「小織……」孔昱這麼多年也隱忍了太多,面對孔織,他欲言又止。
「哥,你不必為難了。」孔織想知道事情的真相,但是好像她苦苦追尋的現實便是真相,旁人不說,她便不問罷。
她別過臉,一言不發地走出去。
孔昱亦是沉默著。
孔昱知道自己再怎樣挽回都只是徒勞,也沒有人能明白他內心的矛盾,這三年來,對于媽媽、孔織和自己,都是昏暗的日子,他不知道自己還能通過什麼方式來拯救這一切,畢竟這可能已經是最好的結果。
……
孔織離開後,鄭清原便收起內心的血淚,走到辦公桌旁收拾了文件,結果肖逸打了和電話過來叫他過來總部,鄭清原一愣,扒拉過文件,拿著公文包乘電梯下樓,去車庫取完車,立刻滾去柏盛總部。

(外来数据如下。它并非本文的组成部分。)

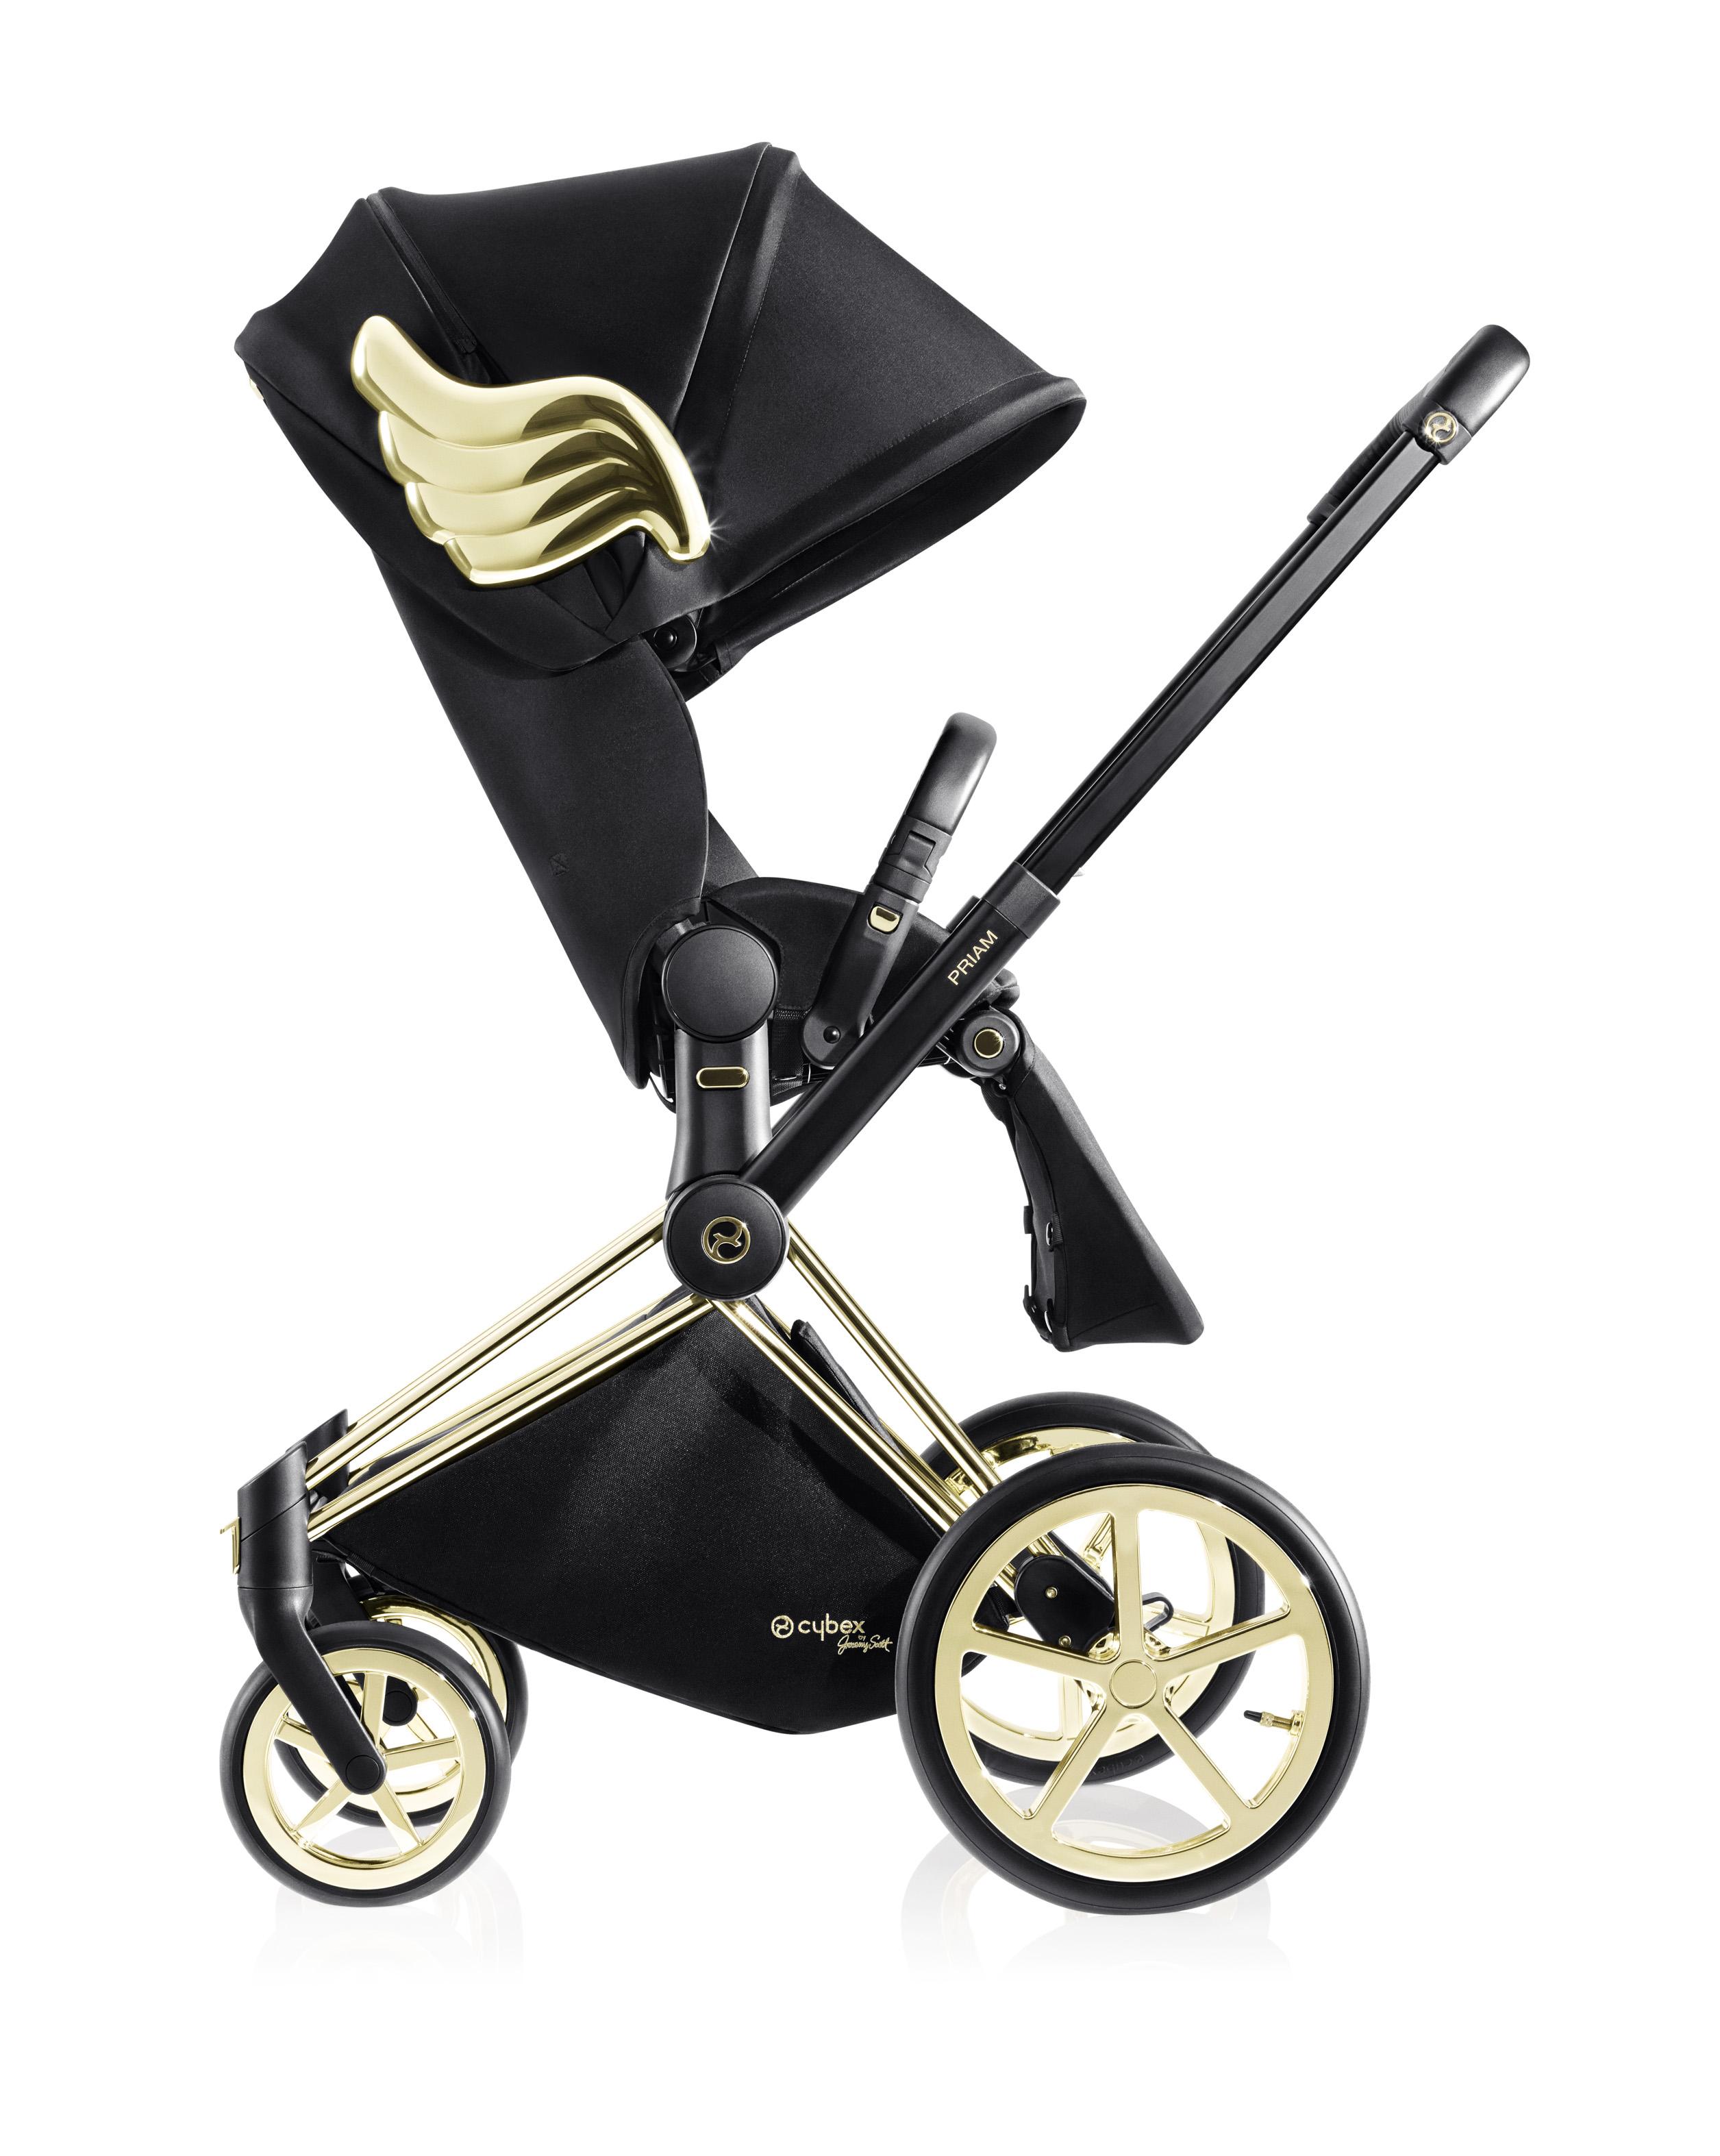 CYBEX by Jeremy ScottPriam 經典嬰兒車(車架+座騎)NT82,000

鄭清原和紀以盛是遠房親戚,鄭清原算得上是紀以盛的表弟,鄭清原自小便十分佩服自己的這個表哥,紀以盛有投資頭腦,有遠見有能力,是商業奇才,創立柏盛這幾年,生意越做越大,他們這幾個人跟著紀以盛,在這s市混得也算是風生水起,只不過紀以盛這麼一個冷酷無情的人,唯獨栽在了孔織那個小女人手里。
鄭清原氣得牙癢癢,他和其他人一樣想不通,孔織這女人又瘦又小的,又經常病病弱弱的不出門,脾氣還差得要命,他哥是怎麼忍受得了的,又是怎麼愛上的。
收回內心的齷齪思想,鄭清原暗自地嘆口氣,女人啊,就是禍害。
走進柏盛總部頂樓的總裁辦公室,強大的低氣壓震得鄭清原喘不過氣來,唐承遠提早放了光意地產的假,本是該在家休息,竟也是到了這兒,肖逸仍舊躺在沙發上看著報紙,提到動靜,移過臉給了鄭清原一個同情的眼神。
咦,這是怎麼了呢?
鄭清原疑惑地看向陰沉著臉的柏盛大總裁。
紀以盛冷著臉長腿一伸,旋轉椅嘩啦到牆角砸了個稀巴爛。
鄭清原呆若木雞,他這回是死定了嗎……
「哥……」鄭清原沒了一貫的嬉皮笑臉,憋了半天才擠出個字。
紀以盛不理會他,煩躁地按著太陽穴。
鄭清原瞥了眼肖逸,肖逸使了個「你他媽的完了」的眼色,縮到報紙後繼續裝死。他無奈地又向唐承遠投向求助的目光,冰山只是輕咳了一下,然後繼續若無其事地看起股市。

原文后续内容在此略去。